The Fundamentals proved to be a rallying point for those who were of this persuasion. And just as the early followers of John Wesley were dubbed "Methodists" by others, so the adherents of The Fundamentals became dubbed "fundamentalists". As we know, this theological position came in for some abuse during the famous Scopes Money trial when evolution/creation became the nub of the issue.

But note: These 'fundamentalists' may have become somewhat naive or simplistic as time went on, but they never became political extremists. They did not take up guns and bombs in defense of their religion. That would have been antithetical to all they believed. They were mainstream evangelical protestants. Period. To illustrate, Billy Graham is a good example of a true fundamentalist.

So you can see there could be no such thing as a 'Catholic' fundamentalist. Even less so could you have a 'Muslim' fundamentalist, let alone a 'Hindu' or 'Buddhist' fundamentalist.

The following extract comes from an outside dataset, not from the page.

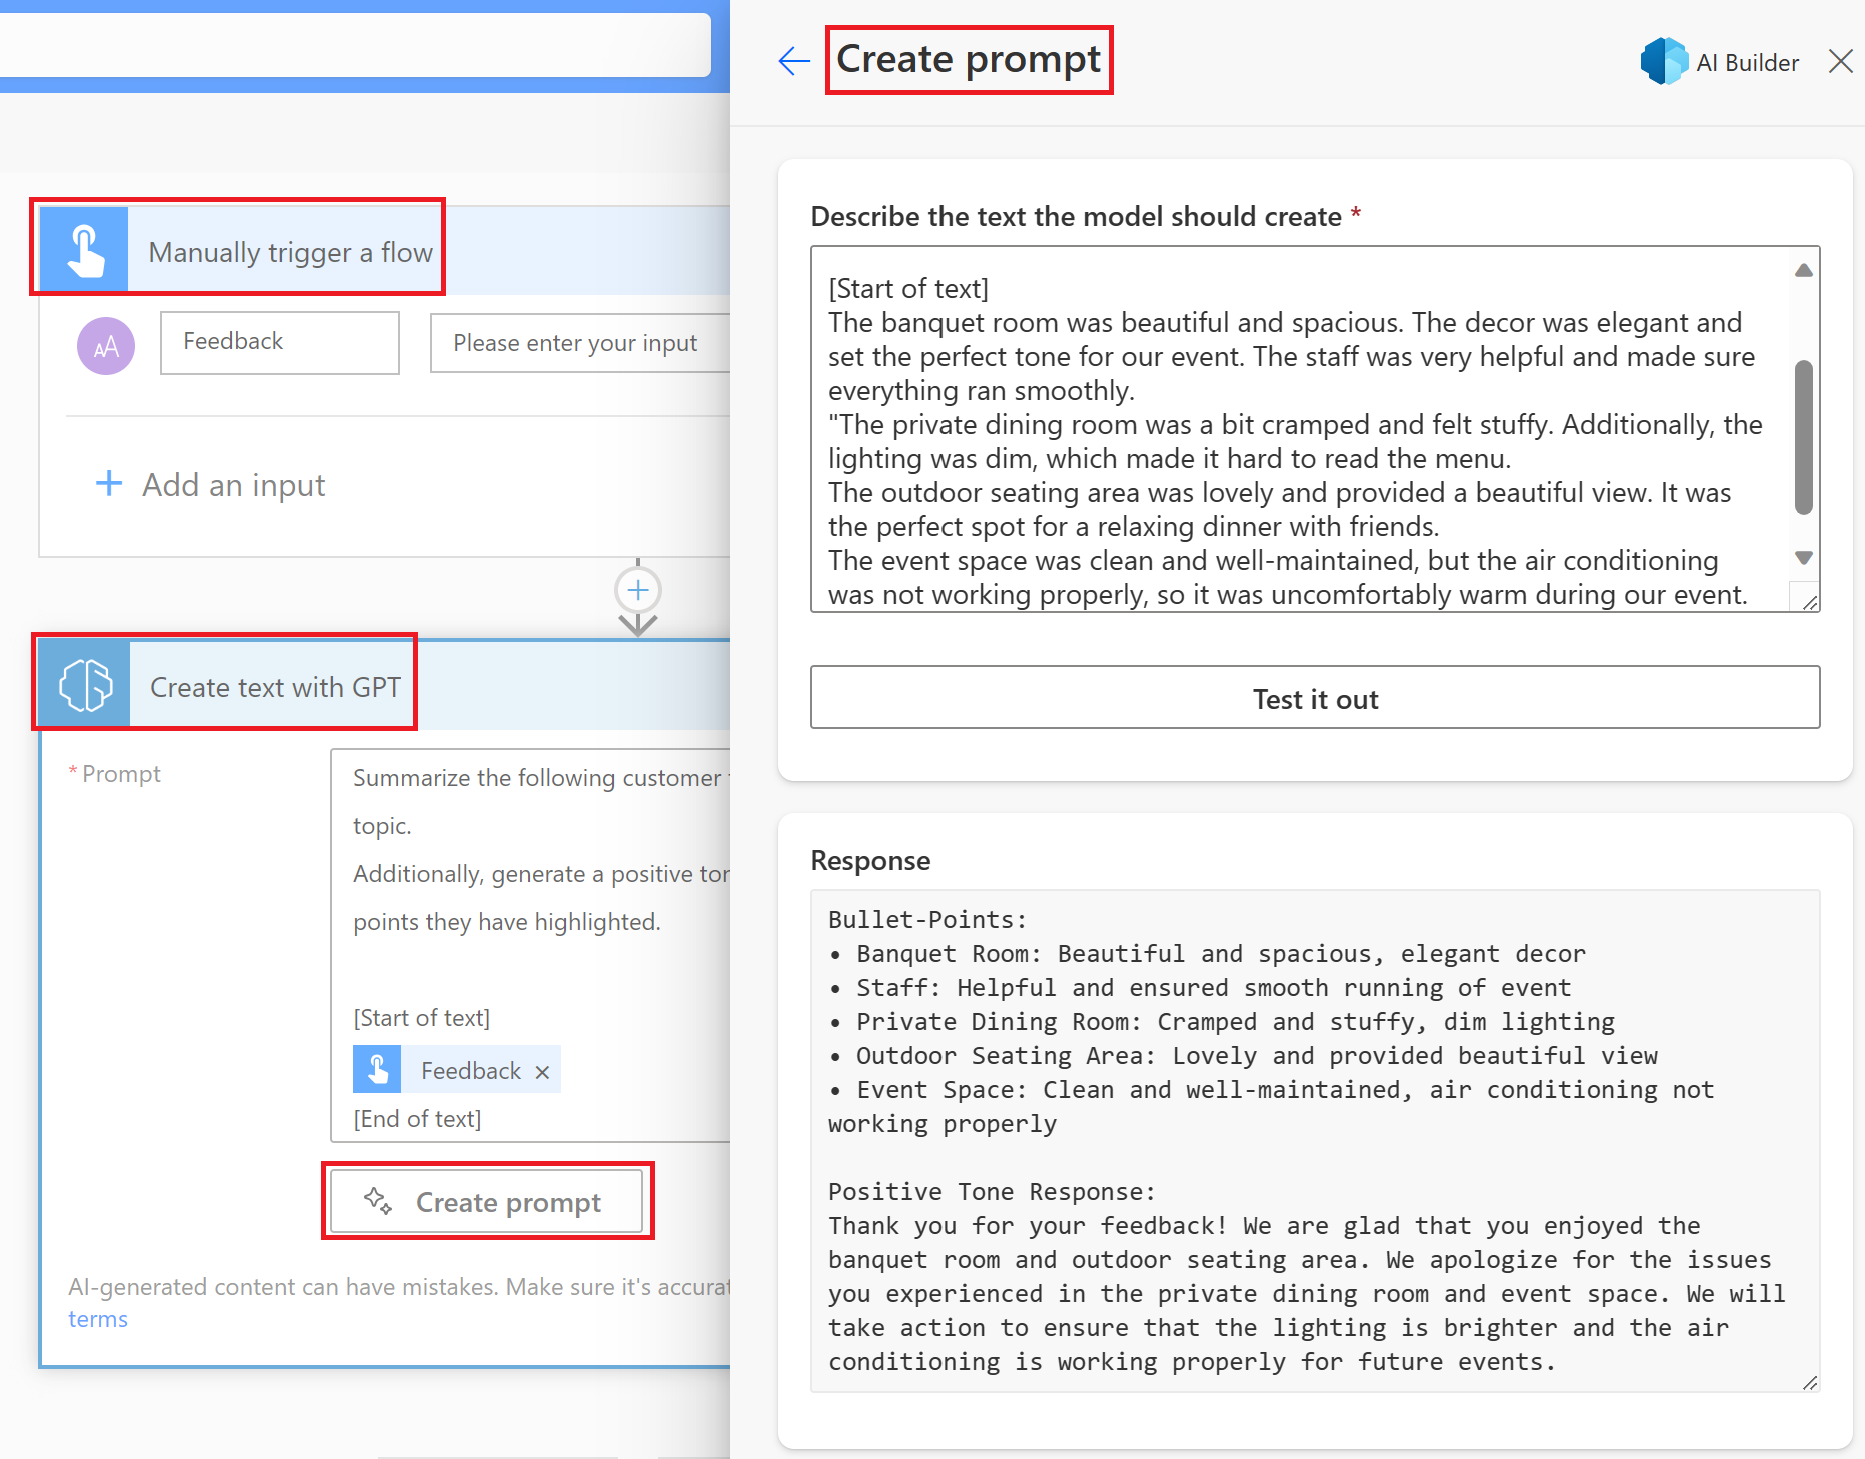 Screenshot of the Create prompt page in Power Automate.

Yet somehow the word 'fundamentalist' got detached from it original meaning and misapplied to people who might be better described simply as extremists or religious fanatics. Whatever is the profile of these people it does NOT jibe with the fundamental teachings of conservative evangelical Protestantism - Fundamentalism.

If there is a common thread to be found in the abuse of this word it is an undue, blinkered and lop-sided adherence to whatever the religious adherent believes are his/her infallible scriptures. That can be very satisfying to simple minds which need simple answers.